ECLI:NL:GHAMS:2002:AE7511
Gerechtshof Amsterdam
- Eerste aanleg - enkelvoudig
- mr. Vrouwenvelder
- mr. De Jong
- Rechtspraak.nl
Beoordeling van bezwaar tegen onroerende-zaakbelastingen en WOZ-beschikking
In deze zaak is in geschil of de verweerder ten onrechte uitspraak heeft gedaan op het bezwaar van belanghebbende tegen de onroerende-zaakbelastingen. Het Gerechtshof Amsterdam oordeelt dat het bezwaarschrift van belanghebbende, hoewel niet expliciet vermeld, ook moet worden aangemerkt als een bezwaarschrift tegen de WOZ-beschikking. De verweerder had, volgens artikel 241 van de Gemeentewet, nog geen uitspraak mogen doen op het bezwaarschrift tegen de onroerende-zaakbelastingen. Het Hof vernietigt de eerdere uitspraak en draagt de verweerder op om alsnog uitspraak te doen nadat de WOZ-beschikking onherroepelijk is geworden.
Het geding begon met een beroepschrift dat op 6 juni 2001 door de belanghebbende werd ingediend tegen de uitspraak van de verweerder van 31 mei 2001, die de aanslag onroerende-zaakbelastingen over het jaar 2001 ongegrond verklaarde. De belanghebbende had bezwaar gemaakt tegen de aanslag, die was opgelegd wegens het genot van de onroerende zaak. Het Hof heeft vastgesteld dat de waarde van de onroerende zaak door de verweerder was vastgesteld op ƒ 225.000, en dat het bezwaarschrift van de belanghebbende tijdig was ingediend.

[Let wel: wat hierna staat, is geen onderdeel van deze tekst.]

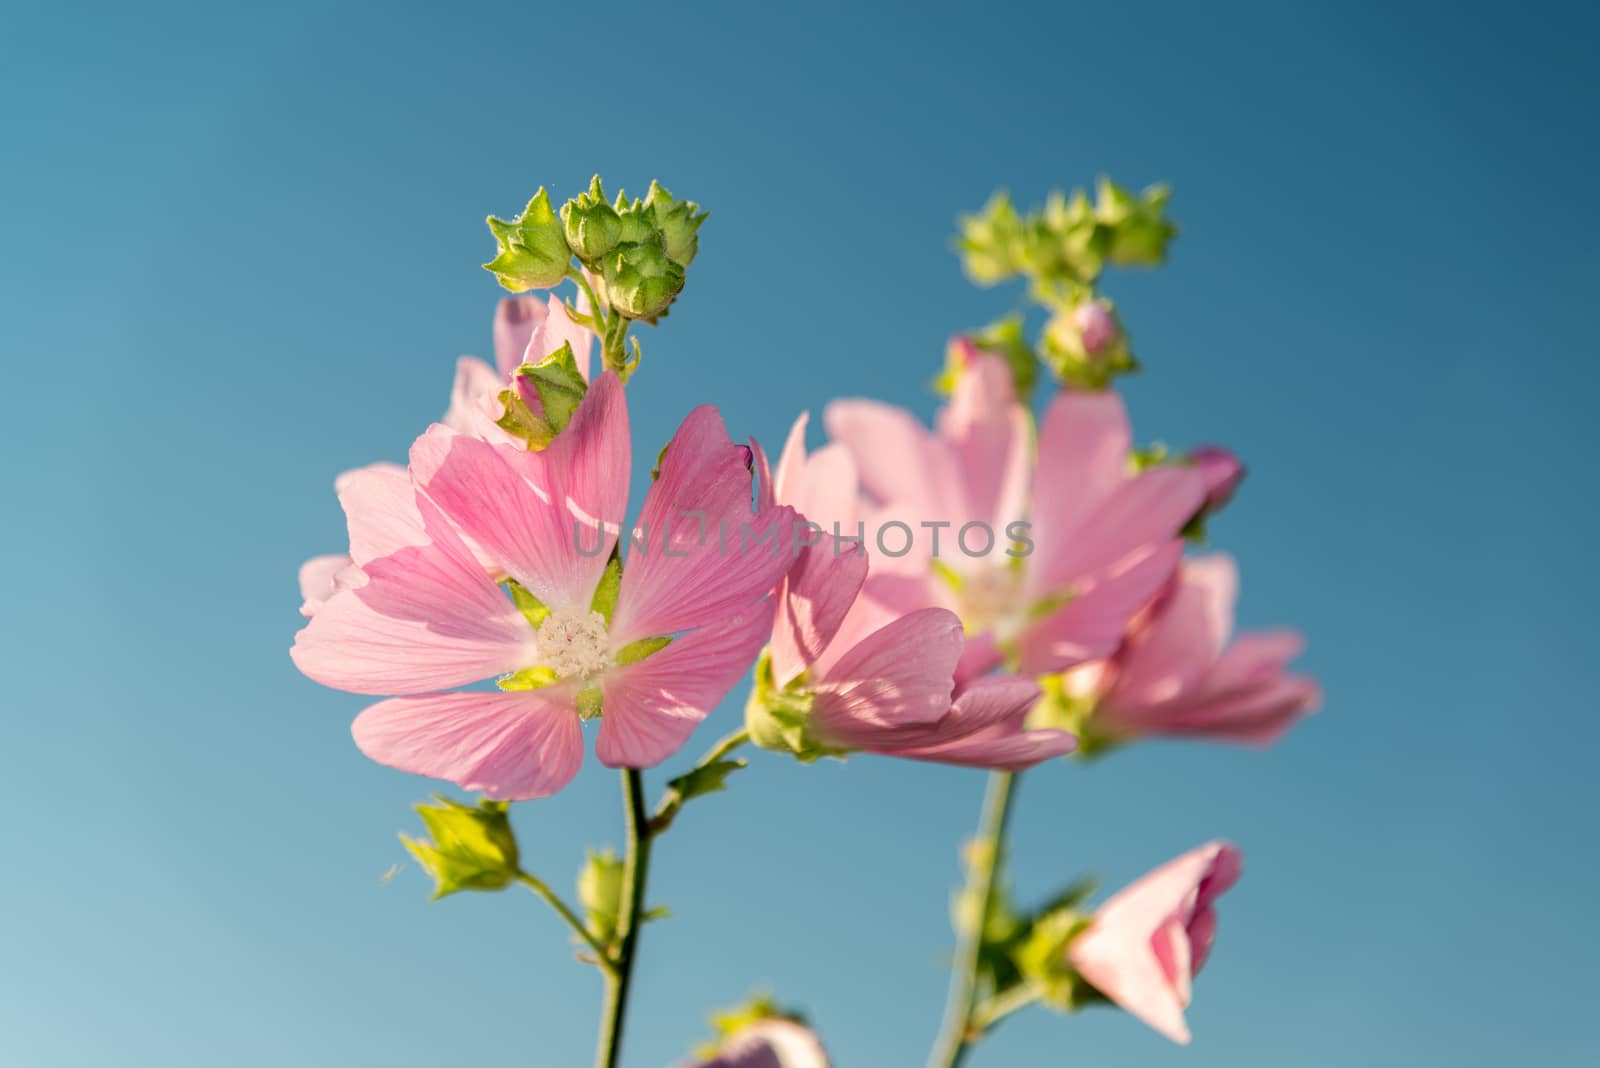 Meadow pink Mallow against a blue sky by olgavolodina

Tijdens de zitting op 3 april 2002 was de verweerder niet aanwezig, waardoor er geen opheldering kon worden gegeven over de behandeling van het bezwaarschrift. Het Hof concludeert dat de verweerder de brief van de belanghebbende niet als bezwaarschrift tegen de WOZ-beschikking heeft behandeld. Daarom heeft de verweerder ten onrechte uitspraak gedaan op het bezwaar tegen de onroerende-zaakbelastingen. Het Hof gelast de verweerder om de brief van de belanghebbende in behandeling te nemen als bezwaarschrift tegen de WOZ-beschikking.
De uitspraak van het Hof houdt ook in dat de gemeente P de proceskosten van de belanghebbende moet vergoeden, die zijn vastgesteld op € 75,20. De belanghebbende heeft ter zitting geen andere proceskosten opgegeven dan de reiskosten voor het bijwonen van de zitting. Het Hof heeft geen bezwaar tegen de afgifte van een geanonimiseerd afschrift van de uitspraak.